Sort of like a backwards HBO. HBO does great shows, but are really exclusive about them. If you want to see Netflix's shows, you have to sign up, but it's not nearly as expensive as a cable package + HBO.
I don't read AC A human right
House of Cards is a remake of a British TV series from the 90s. And this isn't the first Daredevil offering either.
You know this, but I'll point out that they mean "original" as in content not produced by a different company. The actual script does not need to be new in any way at all to qualify as original material.
Netflix would answer thus: "Show older shows so you don't have to pay as much in royalties."
Though I happen to like Daredevil, I definitely WOULDN'T recommend it for children. At least, not younger children. There's a large amount of bloodshed that even the Marvel movies don't have. Without getting too spoilery, the Fisk "car scene" in Episode 4 alone would make this not for kids.
My sci-fi novel, Ghost Thief, is now available from Amazon.com.
Hulu however has current TV a day later. Netflix doesn't get it for months. Hulu's also sponsored by the content networks who are trying to basically regain their ad revenue.
Netflix is creating original content because it can - its business model depends on subscribers and growing that subscriber base. Showing unlimited movies that have been out for months, or TV seasons that everyone else has seen months ago doesn't grow subscribers, especially since OTA TV will get them for free too, just on a less convenient schedule.
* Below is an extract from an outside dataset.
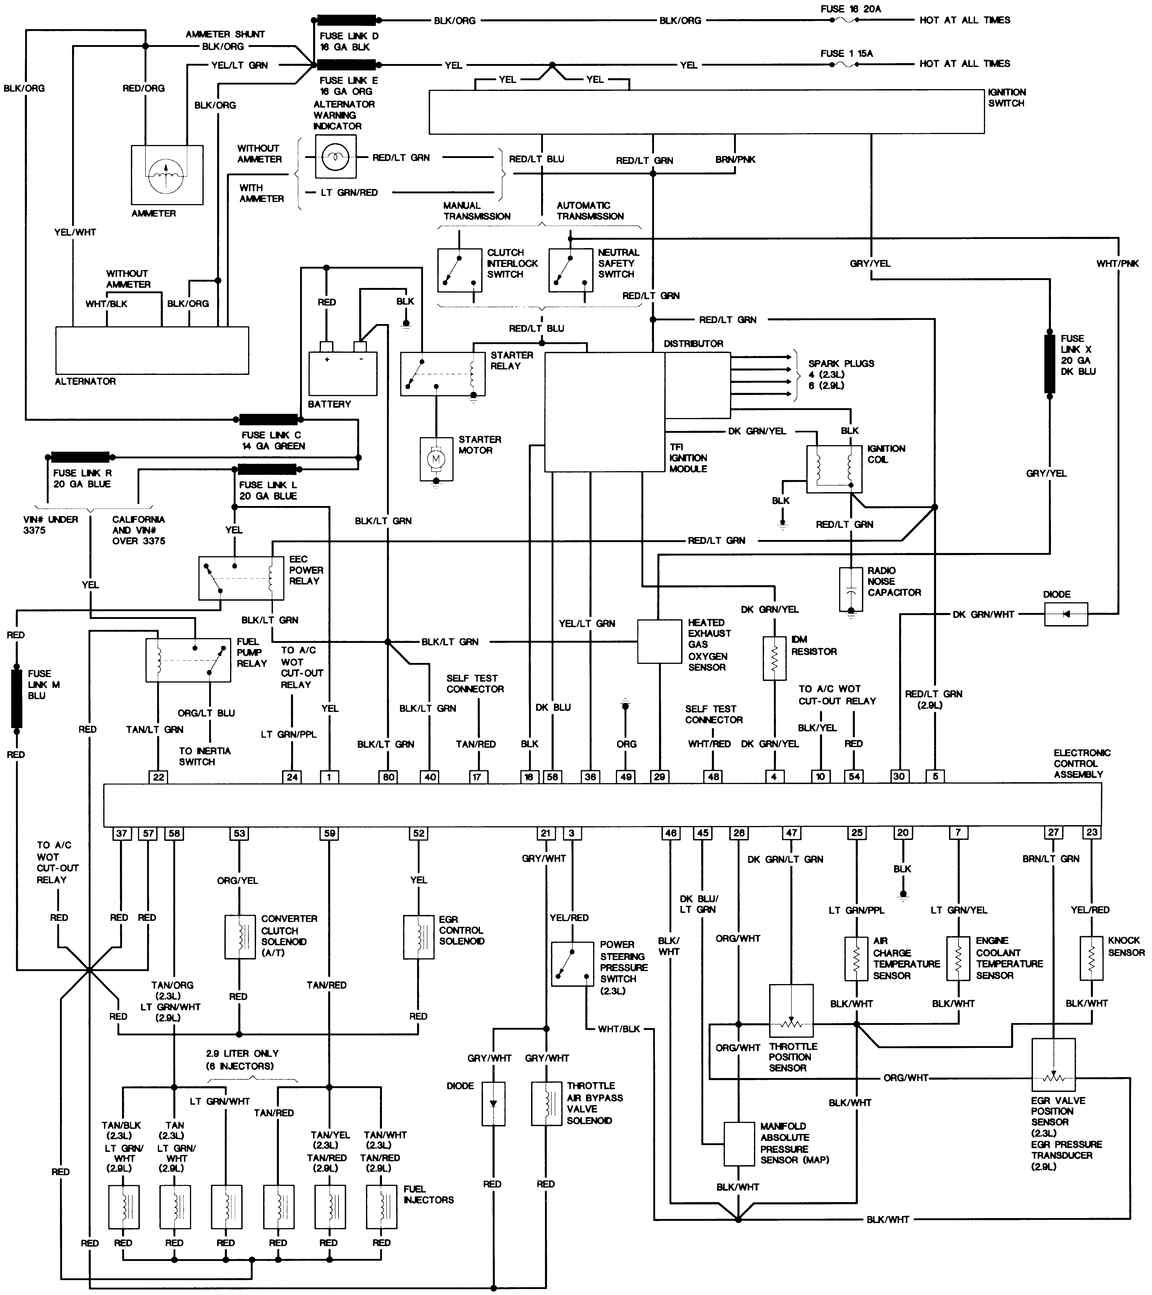 32 1995 honda accord fuse box diagram

Instead, Netflix has to basically create content or inherit content that the networks can't justify carrying so subscribers have something new to watch.
Hulu, Amazon, iTunes, etc., they get the latest TV within hours of airing which is why they generally cost more because their first-run. Netflix picks up the rest.
In the lifecycle of a movie, it first comes out in theatres. Then it comes out as a digital rental (CinemaNow, Vudu, etc). Then it comes out as purchase - either digital (iTunes, Ultraviolet, etc) or physical (DVD/Blu-Ray). Then general rentals, then Netflix, and finally, regular free TV. This takes around a year or two to fully execute.
The lifecycle for a TV program is first airing, then digital sales (Amazon, iTunes), and Hulu. Then months later, season box sets on DVD, and Netflix.
If you're not fussy about waiting, Netflix is a great service. Most people though can't wait that long for their TV, so there are options. And Netflix knows once they have the people who don't care or who don't mind waiting, their subscriber base is saturated. They need to have new content to attract new subscribers who may not watch much of the catalog, but will catch the exclusives and pay for it.
I take issue with the idea that conservative entertainment is inherently any more "wholesome" than any other. Conservatives aren't the authority on morals, at least not the sole authority, as much as they would like us to believe that they are.